The specific eating habits of the Chinese have been known since antiquity. Due to the lack of normal and wholesome food due to numerous wars, droughts, floods and other natural and external disasters, the Chinese were forced to be content with "strange" food. Insects, wild animals, and whatever food was available.
An important role in the formation of such a diet was played by numerous beliefs in the "miraculous" Chinese medicine. Many Chinese were of the view that if you eat a certain wild animal, then its properties will be transferred to a person, including strength, cunning and other habits that are inherent in this animal. Many centuries have passed since antiquity.
Now China is not only a decent country in terms of living standards, but also one of the most powerful powers in the world. Wars and external problems are in the distant past, but gastronomic preferences have not disappeared anywhere. Some Chinese still eat wild animals, insects, and other strange foods that would frighten a civilized person.
The Chinese living in the territories of megacities have long abandoned such food, and now most often such food is entertained by tourists who sincerely believe that all Chinese eat cockroaches.
The sale of carcasses of wild animals and insects is carried out illegally in the territories of some provinces, and this is associated with the same poverty as many centuries ago.
Not all Chinese have been able to achieve a decent standard of living, and in remote areas people live very poorly.
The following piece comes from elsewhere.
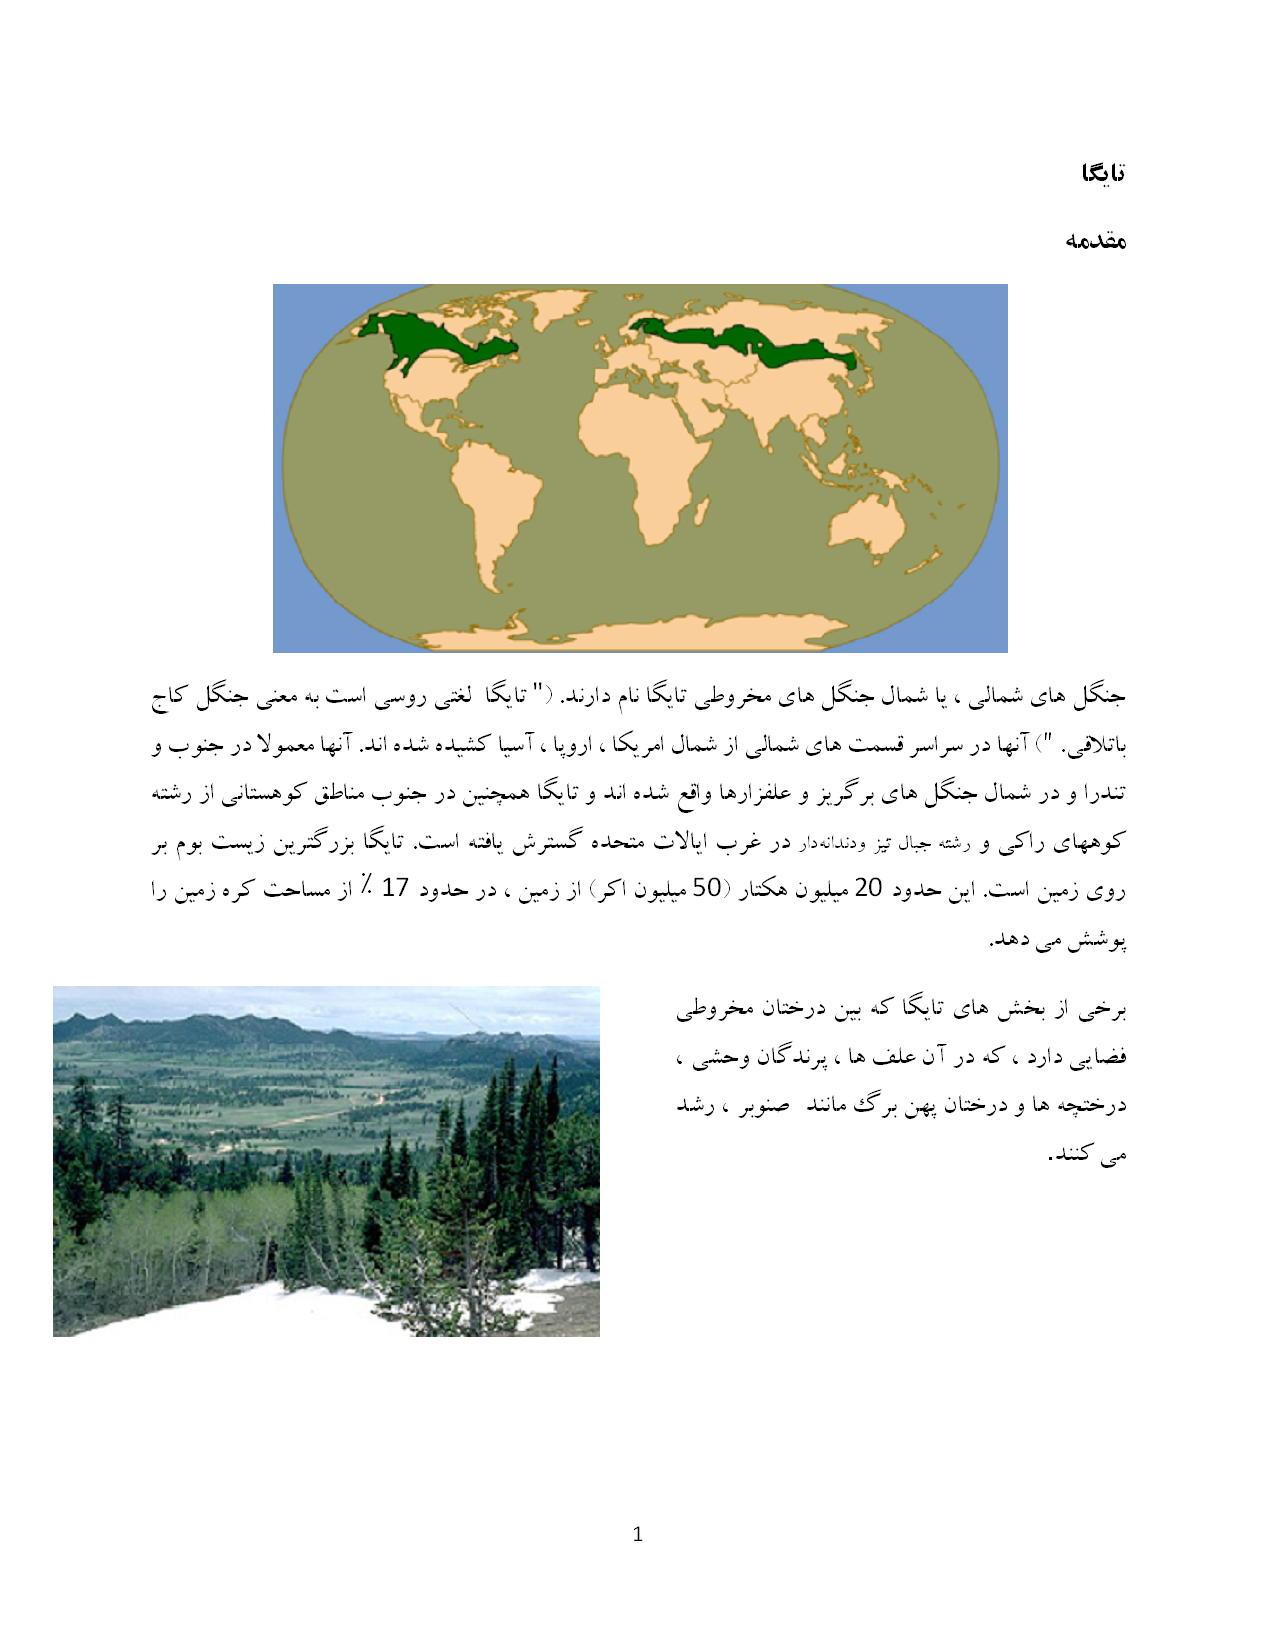 ترجمه مقاله و تحقیق - مطالعه منطقه تایگا8

Illegally harvested and traded carcasses of wild animals and insects are the only affordable food option.
The Chinese buy such food in local markets, with the existence of which the authorities have been unsuccessfully fighting for more than a year.
In most cases, sellers put on the shelves "official" goods, that is, those animal carcasses that can be sold legally, and wild animals and insects are sold "by hand" and "from under the floor."
Belief in traditional Chinese medicine is also still relevant in the territories of some provinces, but the Chinese are very rarely associated with such a gastronomic diet.
Therefore, the main reason why there is food on the tables of some inhabitants of the Middle Kingdom, which can terrify almost the whole world, is the poverty of certain categories of the population.
And while the purchase of carcasses of animals prohibited for sale and a large volume of insects will be many times cheaper than buying food acceptable to the human body, such an underground business in local markets will not disappear anywhere. It will actively prosper, as there are more than enough poor people in China.